E foi em busca dessa existência humanamente digna que a noção de mínimo existencial se difundiu pela Alemanha. O Tribunal Constitucional Federal Alemão extraiu da dignidade da pessoa humana e do direito à vida e à integridade física, mediante a interpretação sistemática junto ao princípio do Estado social, o direito a um mínimo de existência, a partir do que determinou um aumento significativo do valor da ajuda social, valor mínimo que o Estado está obrigado a garantir aos cidadãos carentes. (KRELL, 2002)

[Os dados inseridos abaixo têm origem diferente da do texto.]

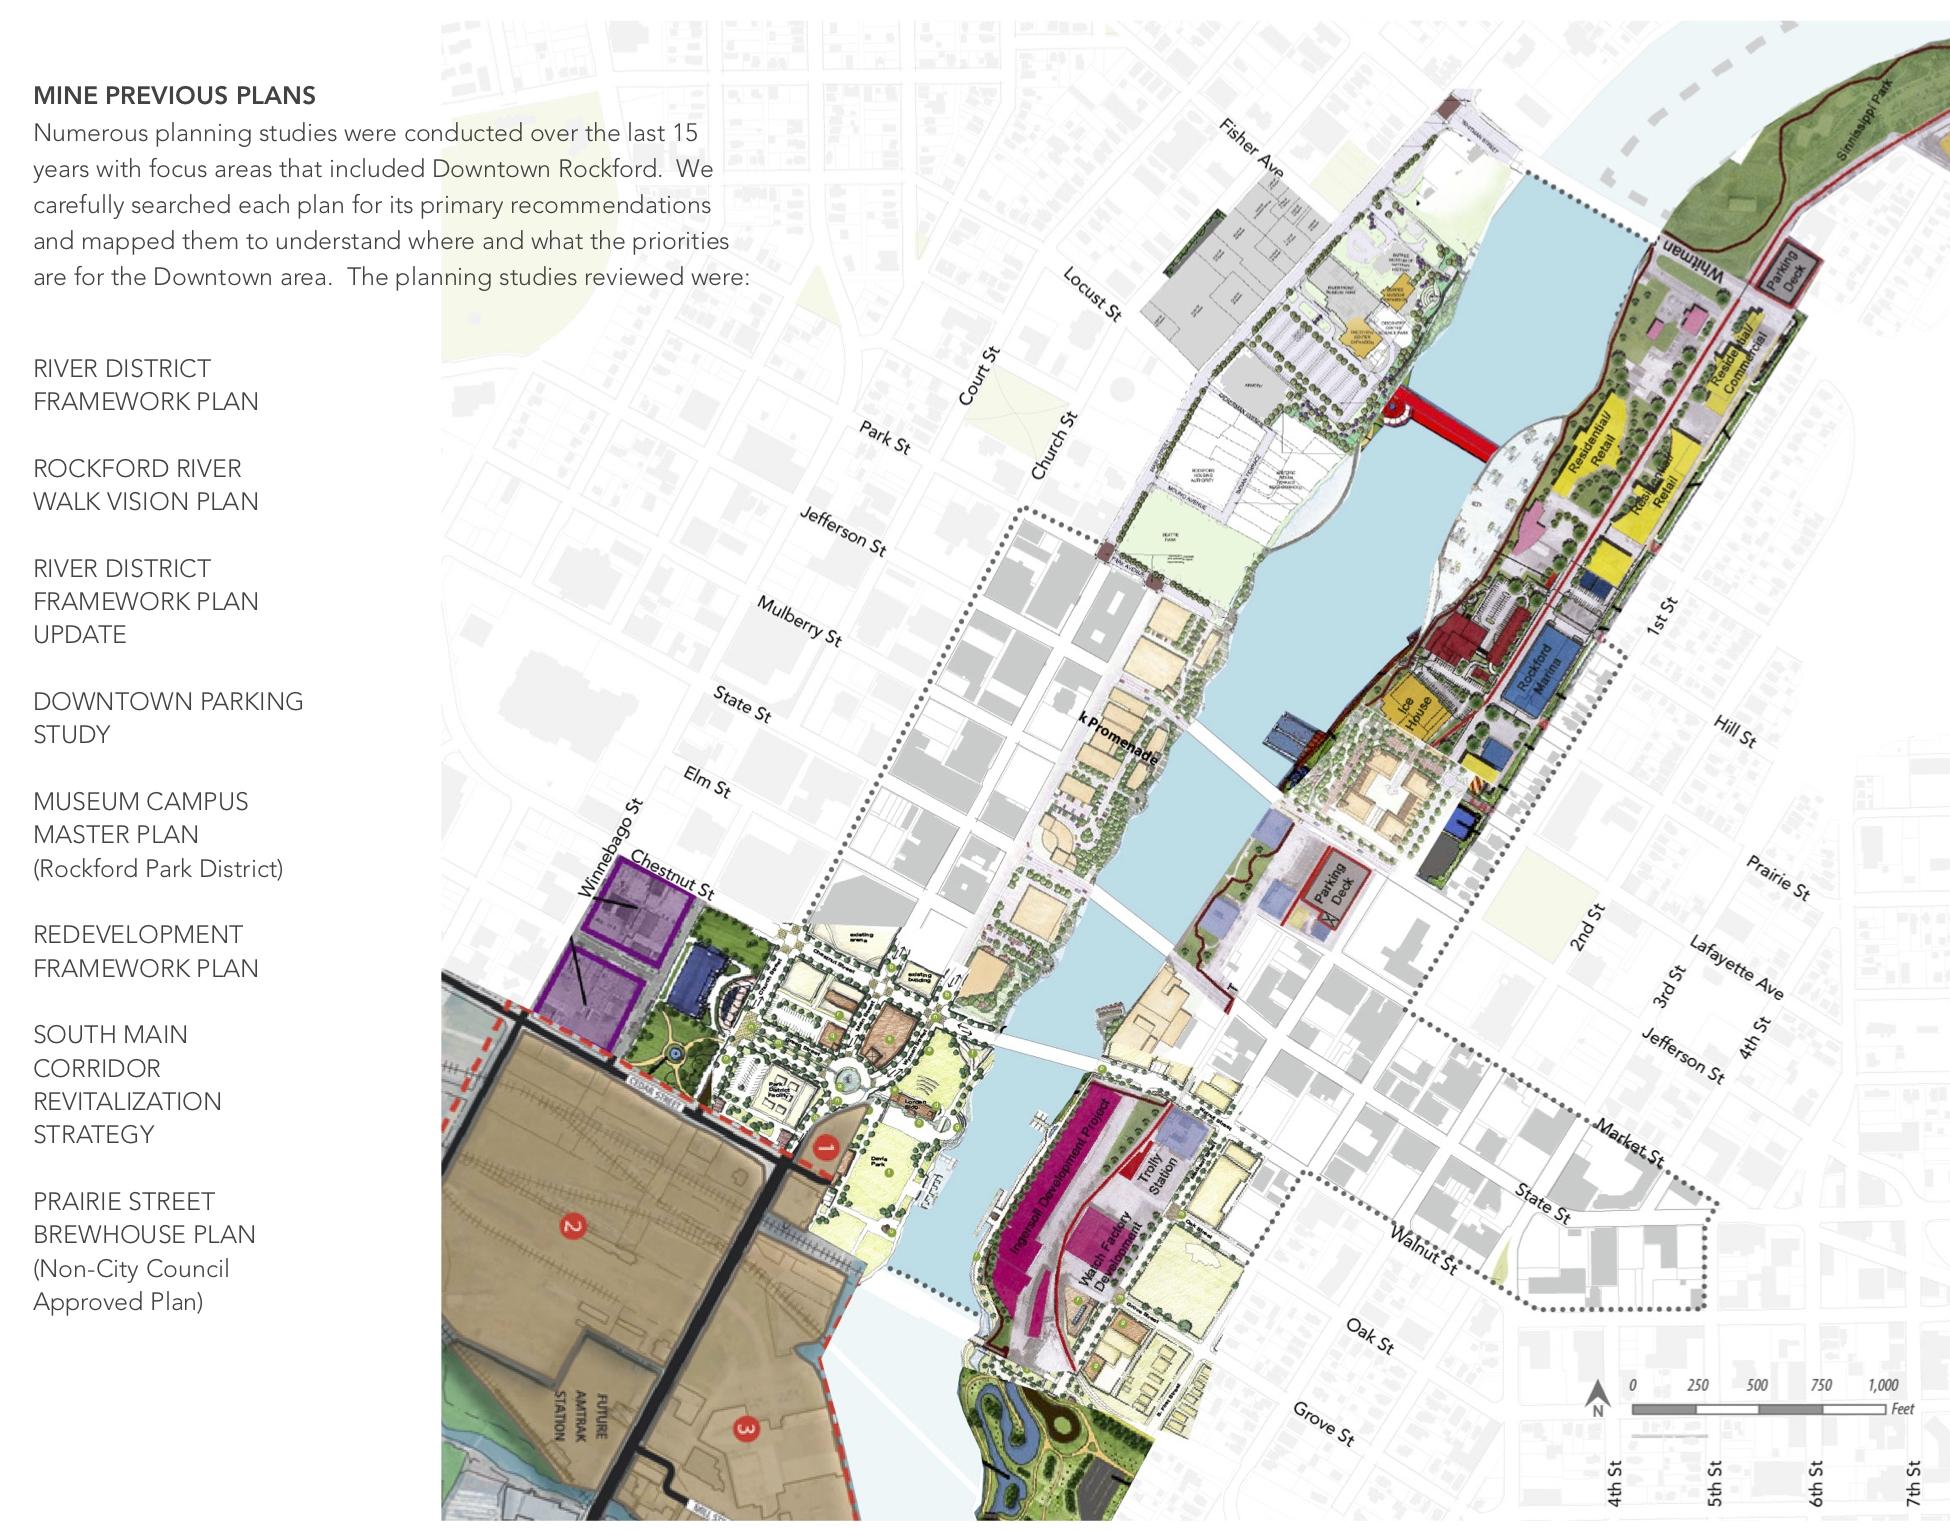 Rockford-previousplans.jpg

Com base nos mesmos fundamentos outras decisões do Tribunal de Justiça de Pernambuco (TJ-PE) se mostraram favoráveis ao fornecimento do CBD:

“DIREITO ADMINISTRATIVO E CONSTITUCIONAL. RECURSO DE AGRAVO NO AGRAVO DE INSTRUMENTO. ALEGAÇÃO DE MÁ APLICAÇÃO DO ART. 557, CPC. DECISÃO MONOCRÁTICA TERMINATIVA QUE NEGOU SEGUIMENTO AO RECURSO DE AGRAVO DE INSTRUMENTO DO ESTADO DE PERNAMBUCO EM RAZÃO DA MATÉRIA RECURSAL JÁ SE ENCONTRAR PACIFICADA NO ÂMBITO DO TRIBUNAL. DIREITO HUMANO À SAÚDE. PACIENTE PORTADOR DE ENCEFALOPATIA CRÔNICA NÃO AGRESSIVA POR SEQUELA DE ANÓXIA NEONATAL EVOLUINDO COM RETRASO MENTAL COM DISTÚRBIO DO COMPORTAMENTO E APRAXIA ORAL ASSOCIADO A EPILEPSIA DE DIFÍCIL CONTROLE CHEGANDO A TER 30 (TRINTA) CRISES POR DIA. LAUDO MÉDICO QUE INDICA A NECESSIDADE DO USO DE CANABIDIOL OU CBD (UMA DAS SUBSTÂNCIAS PRESENTES NA MACONHA). DECISÃO QUE DETERMINA QUE O ESTADO DISPONIBILIZE O TRATAMENTO INDICADO. PRECEDENTES DO TJPE. RECURSO IMPROVIDO. Tribunal de Justiça- PE. Agravo no Agravo de Instrumento; Processo n; 0006685-53.2015.8.17.0000; Órgão julgador: 4ª Câmara de Direito Público; Relator: André Oliveira da Silva Guimarães; Data do julgamento: 24/07/2015.”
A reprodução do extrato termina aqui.